Half an hour later, more fugitives came—two groups, seven in one, thirteen in the other. The storm had blunted the coalition's encirclement; Joel's careful dispositions had not been enough to keep every fish from the net.

The survivors believed themselves safe. No pursuers hounded their heels, and the smuggler's path lay just beyond the trees. But the moment they entered the forest, they vanished. Linden struck like a wraith, cutting down stragglers, driving the rest into his snares. One by one they fell, until the woods were thick with corpses.

The stench of blood grew heavy, seeping into the rain‑soaked earth. It drew beasts from the hills, prowling shapes that made the forest more perilous with every passing hour.

Far from the slaughter, another figure moved upon the board. Ser Roman Webber, son of Ser Lyndon Webber and cousin to Lord Edmund Webber of Coldmoat.

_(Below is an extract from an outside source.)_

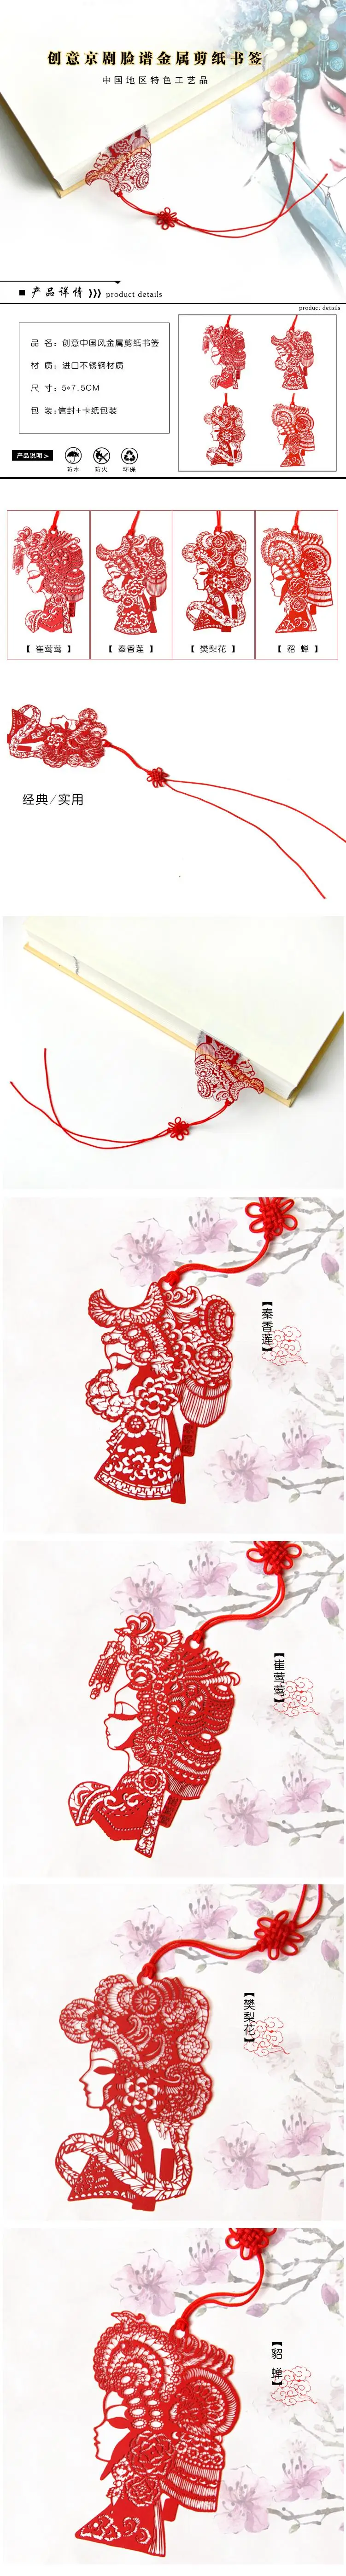 4 шт./компл. металлическая для бумаги вырезанные Закладки закладки Китайский классические закладки творческих и личность канцелярские

A long‑faced man, he bore the mocking name of the Gopher, for he spent his days burrowed in his manor, venturing out only to peer at the world before retreating again. Yet those who knew him well warned against underestimating him. The gopher's teeth were sharp, and those who dismissed him often rued it.

Now Ser Roman commanded a hundred men, patrolling the battle's edge. His charge was simple: to catch what the net had missed. More than that, he was to ensure that none of the Long loyalists—those few who had once dealt with House Webber—slipped free of the noose.

Had all gone as planned, they would have been feasting by now, celebrating the end of the Red Lake Forest bandits and the last tatters of the Long loyalists. But the storm had other designs. At dawn the heavens opened, and the sudden downpour turned the ground to mire. The host's ordered lines faltered, their pace uneven, gaps opening wide across the field.

The bandit chief proved no fool. He scattered his men into smaller bands, driving them through the breaches. Most were cut down in the attempt, but some few slipped the noose.

It fell to Ser Roman Webber to sweep up the stragglers. Yet the same rain that had undone the encirclement slowed his own pursuit. He had accounted for some of the fugitives, but others had vanished into the wooded hills near Fort Steadfast, right beneath his nose.

Ordinary outlaws he might have let go. But among those who fled, Roman glimpsed two in plate. Bandits in such harness were no common rabble. Men of that station might carry secrets worth killing for.

So Roman pressed on, driving his hundred men into the sodden woods, following the broken branches and muddied tracks left by the fugitives. Soon they reached the very forest where Linden had sown his snares.

When they found the trail leading inward, Roman gave the order without hesitation. "After them." His men plunged into the trees at his back.

They had not gone far before the column faltered. A hush fell as the foremost riders reined in, staring upward.

There, dangling from a branch, hung a corpse. Its feet swung above the ground, its chest transfixed by a jagged stump of wood. From a distance it seemed less the work of man than of the forest itself, as if the trees had risen in wrath to slay the intruder.